Backend: FastAPI, SQLAlchemy, PostgreSQL, Alembic for migrations. Handles agent registration, key management, token issuance, and request verification.

Frontend: Next.js 14 with TypeScript and Tailwind. Dashboard for managing agents and tokens.

Agent SDK: Python library that handles key generation (ECDSA secp256k1), request signing, and token management. This is what an agent developer would actually import and use.

Database: PostgreSQL with tables for users, agent identities, master keys, and AAN mappings.

What's not built yet

This is the foundation — the authentication and trust layer. The bigger vision has two more pieces:

Centralized Tool Base (CTB) — a searchable registry where agents can discover available tools, check their schemas, and see auth requirements. Think npm or GitHub but for agent-compatible APIs.

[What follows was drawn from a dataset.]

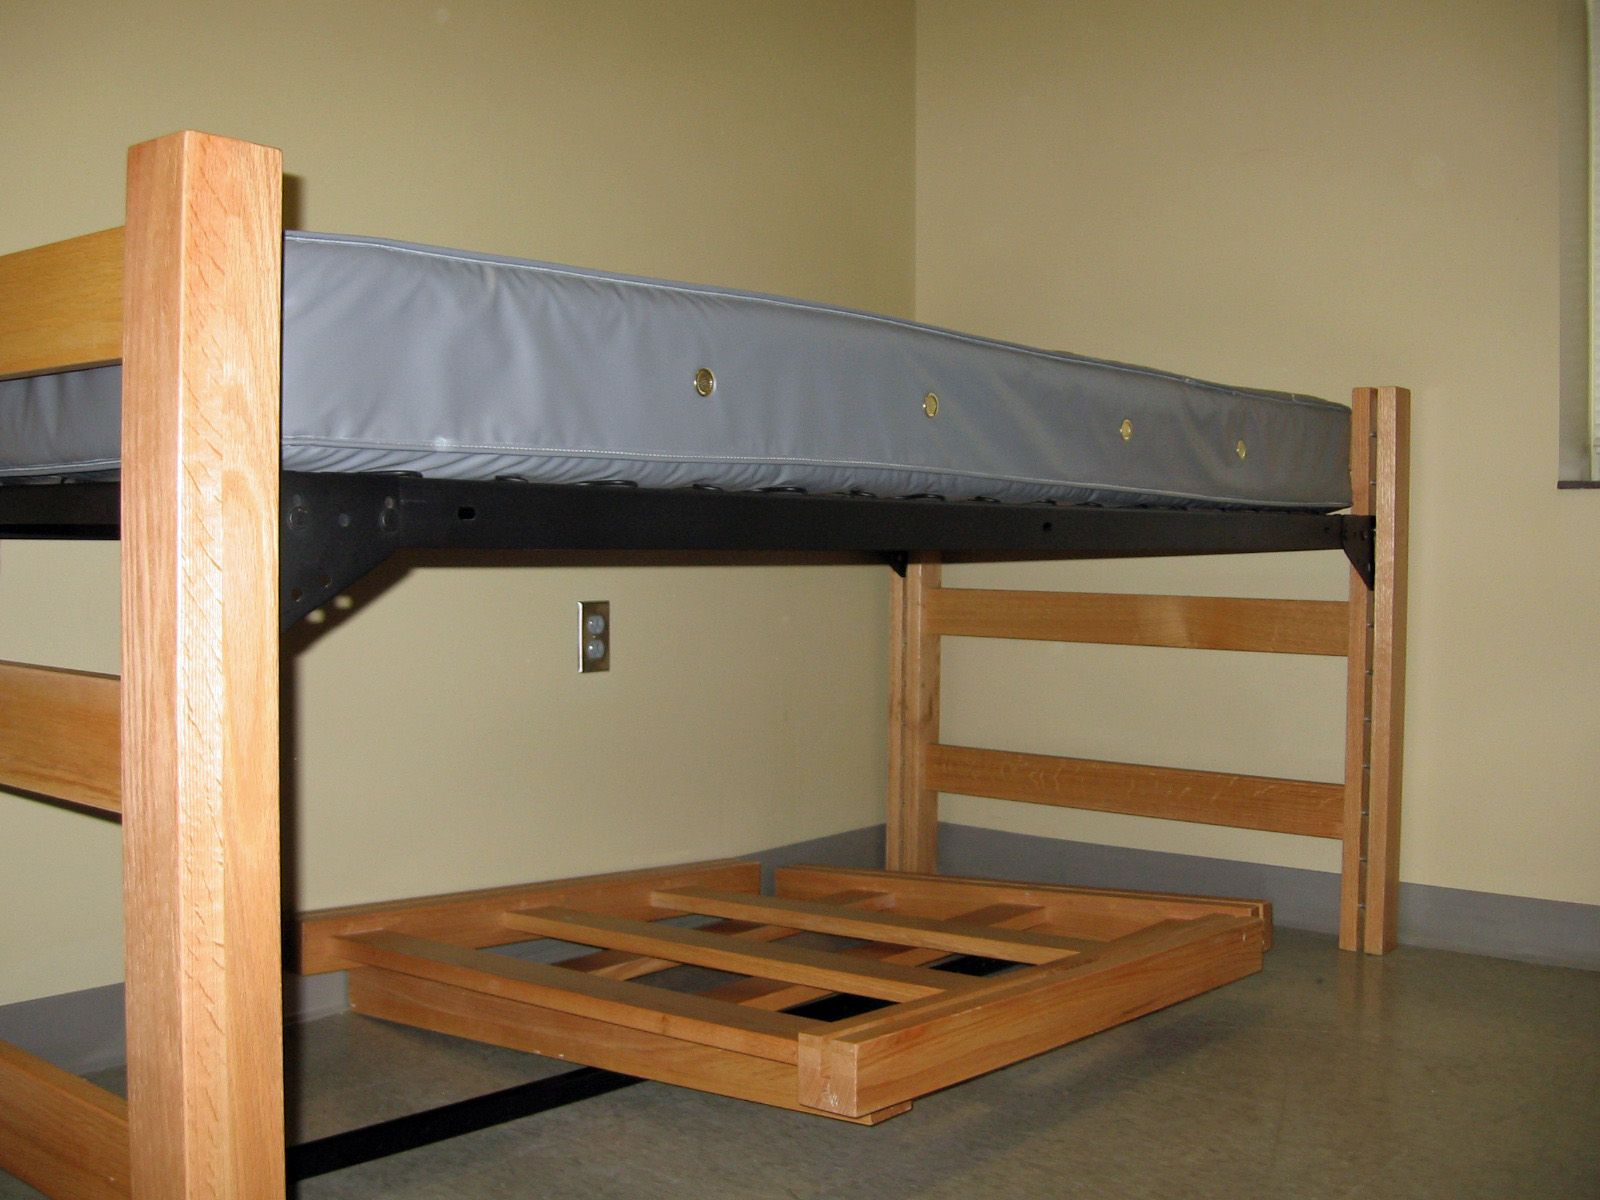 Adjustable Height Dorm Bed Google Search Dorm Bedding Bed

Agent runtime and orchestration — the full personal agent platform where agents can chain tools together, maintain memory, and act on goals autonomously.

I wrote about the full roadmap and business model in a separate blog post. This project is Phase 2 of that plan — the transaction layer. Phase 1 (tool discovery) and Phase 3 (agent orchestration) are next.

What I learned

The hardest part wasn't the cryptography — ECDSA signing is well-documented and the Python cryptography library handles it cleanly. The hard part was designing the permission model. What scopes should a token have? How granular? Per-tool, per-action, per-resource? I went with tool + action for now, but there's a real design space here that gets complicated fast.

The other thing I took away: this problem is going to get solved by someone. Agents are getting more capable every month, and right now every framework handles auth differently — or doesn't handle it at all. There's no standard. OAuth was the answer for user-to-app trust. Something like TGP could be the answer for agent-to-tool trust.

Technical highlights

Agents never send their master key during execution. They get short-lived, scoped tokens tied to a specific tool and action — like a one-time credit card number.

Every agent request is signed with ECDSA secp256k1. The tool verifies the signature before doing anything. No valid signature, no access.

Each agent gets a UUID, a keypair, and an Agent Authentication Number. The gateway uses these to issue tokens, log actions, and enforce permissions.